MedFlorida Medical Centers has filed plans for a mixed-use medical office complex at 811 N. Central Ave. in Kissimmee, across from the HCA-affiliated hospital. Physician Mazin Shikara, president and CEO of Medical Consultants of Florida, purchased the 2.85-acre assemblage in 2021 through an affiliate for $2.8 million and submitted the plans in December.

The project consists of two 5-story buildings. The first would have 9,950 square feet of medical offices on the ground floor with 54 senior living units on the four upper floors. The second L-shaped building would have 12,450 square feet of office and retail space, along with 56 senior living units on the upper floors.

In January, Blue Castle Development LLC, a company led by medical doctor and real estate developer, Neil Coskun, requested a pre-app meeting with Orange County’s Development Review Committee to discuss the feasibility of building senior housing behind the Palms Plaza shopping center on Lake Underhill Road, across from AdventHealth East Orlando.
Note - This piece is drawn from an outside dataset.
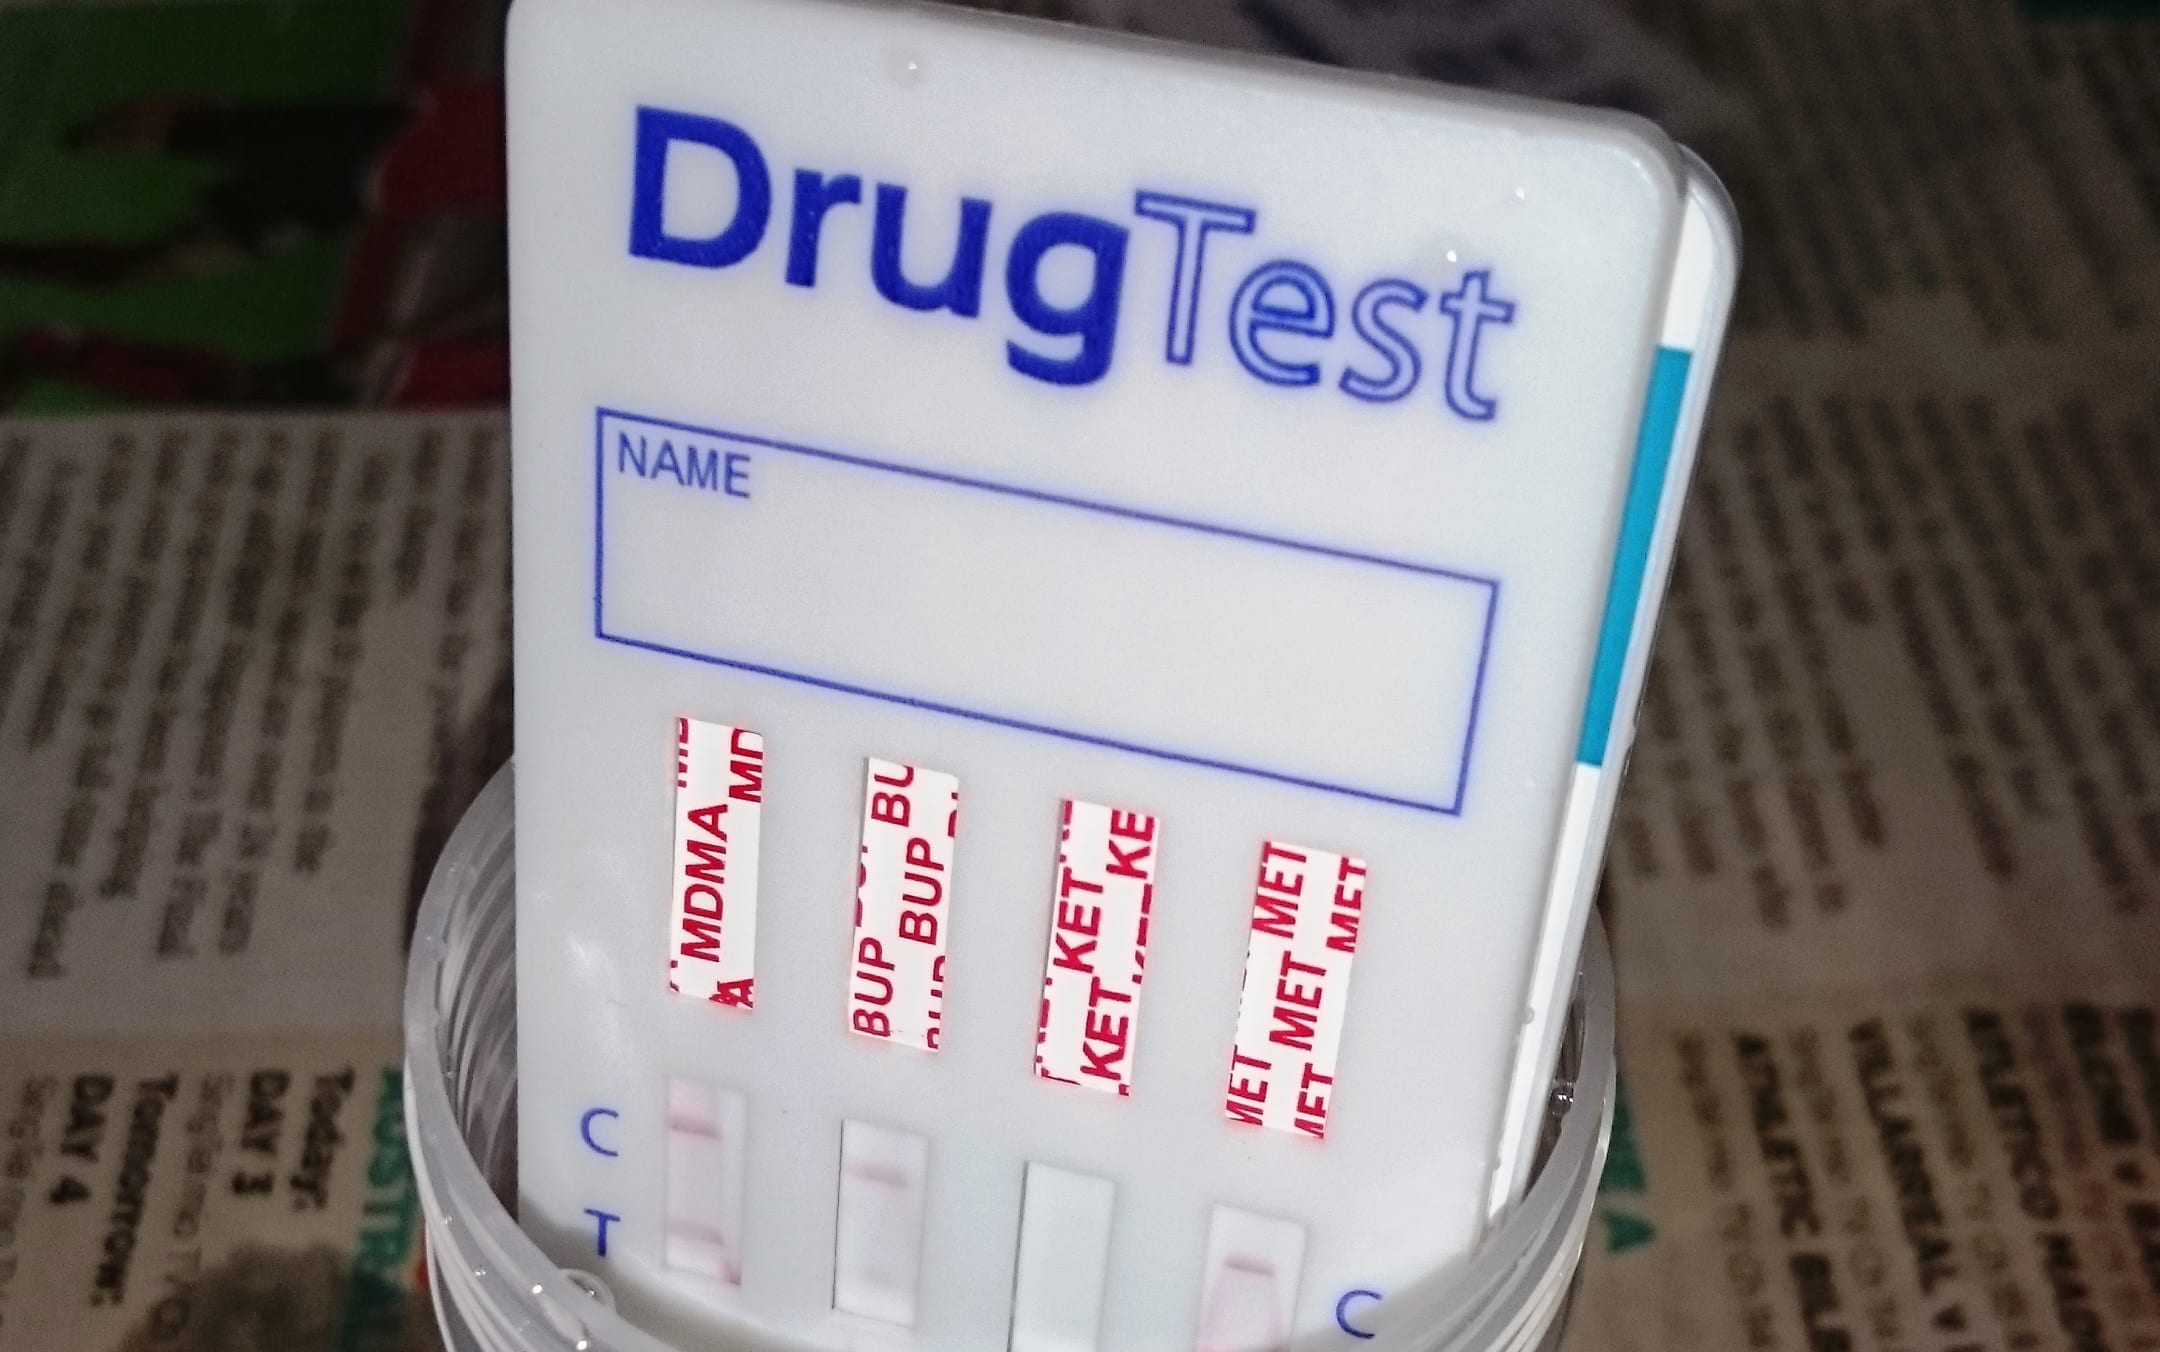 Few beneficiaries fail pre-employment drug tests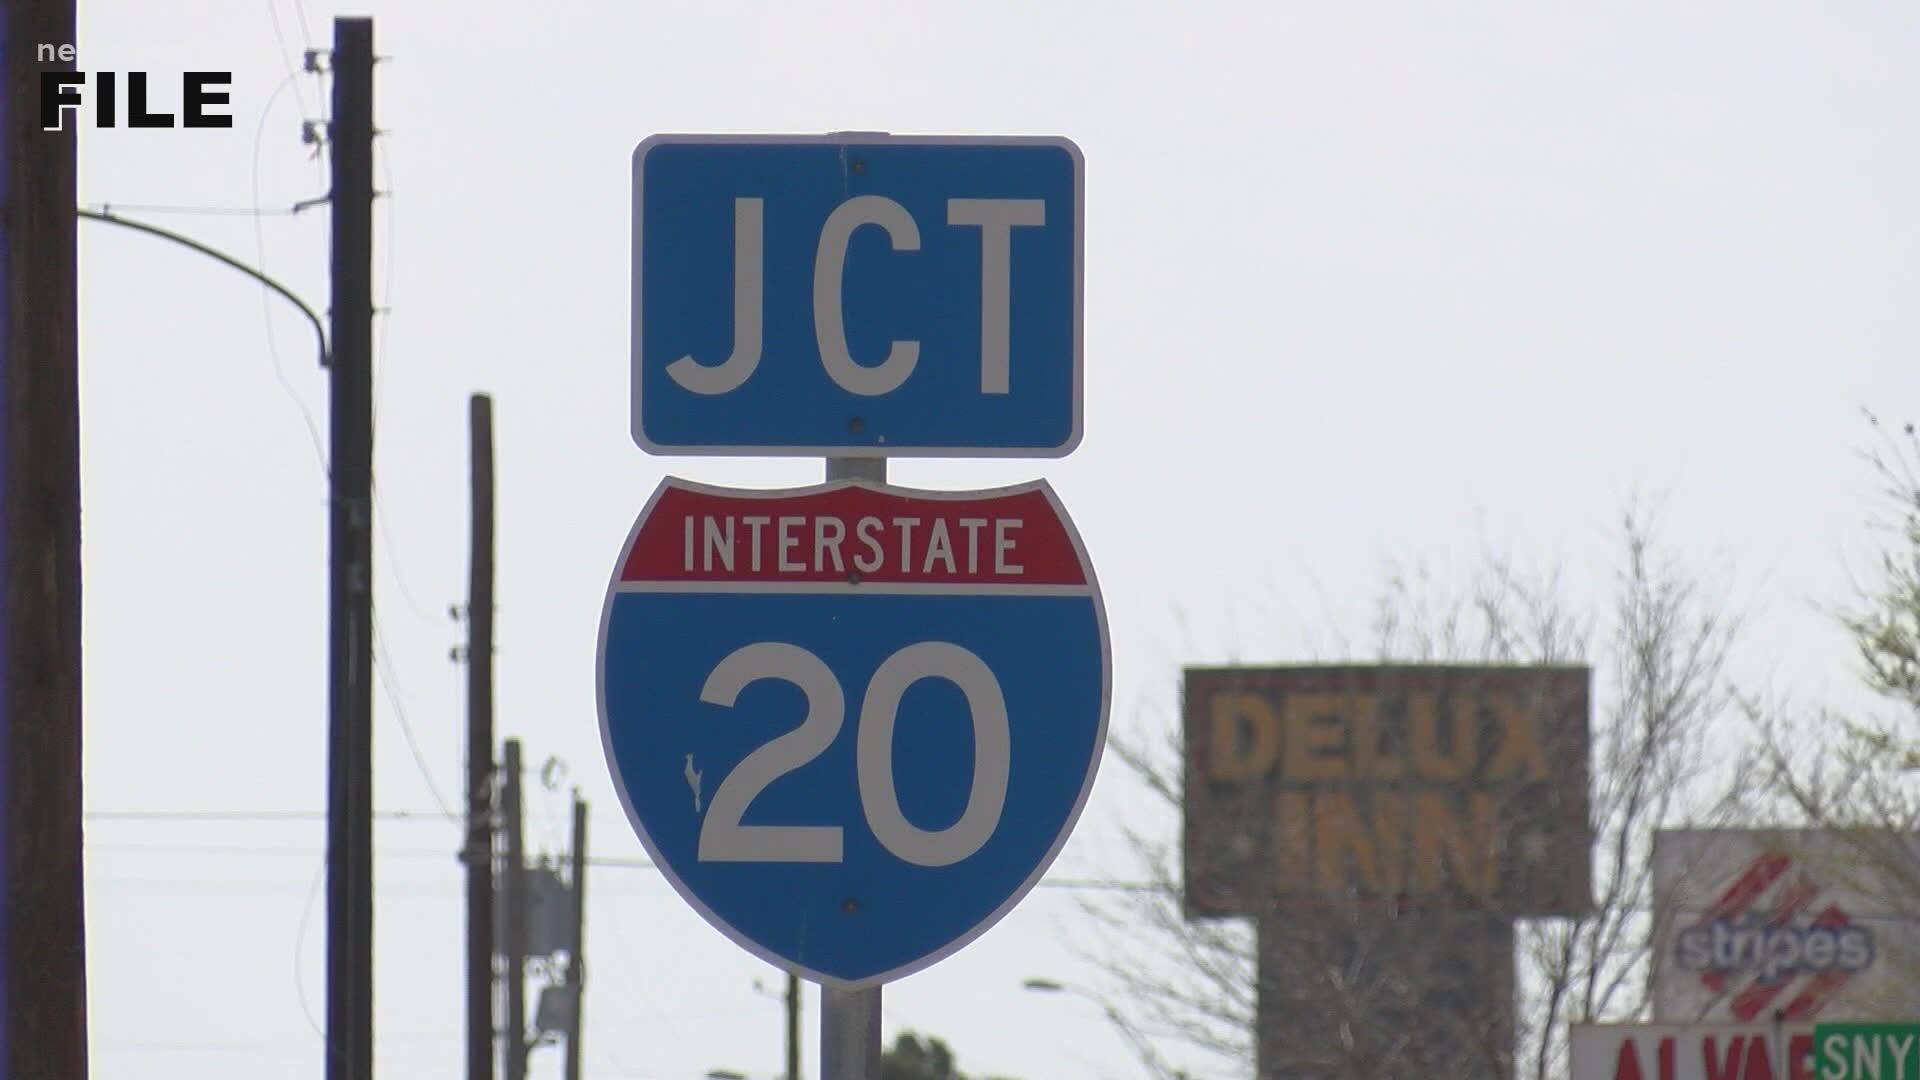 Gov. Abbott announced Thursday that TxDot has won funding for improvements on I-20 and Cotton Flat Road interchange.

The property owner has assigned Sam Sebaali, president and CEO of Florida Engineering Group Inc. to oversee the proposed project. According to recently submitted application materials, the applicant wants to turn some underutilized land by the commercial center into an affordable senior living development.

Plans call for a 4-story, 84-unit senior living facility with a large courtyard at its center. It’s still pending approval by the county.

Meanwhile, Sun Terra Communities is in the midst of seeking approval from Osceola County to build Florida’s second largest retirement community with a dozen golf courses, heliports and nearly 34,000 homes in 15 distinct neighborhoods.

The project is planned for a 14,212-acre ranch in Yeehaw Junction that sprawls 22 square miles on State Road 60 in south Osceola County, across the street from the DeLuca Preserve.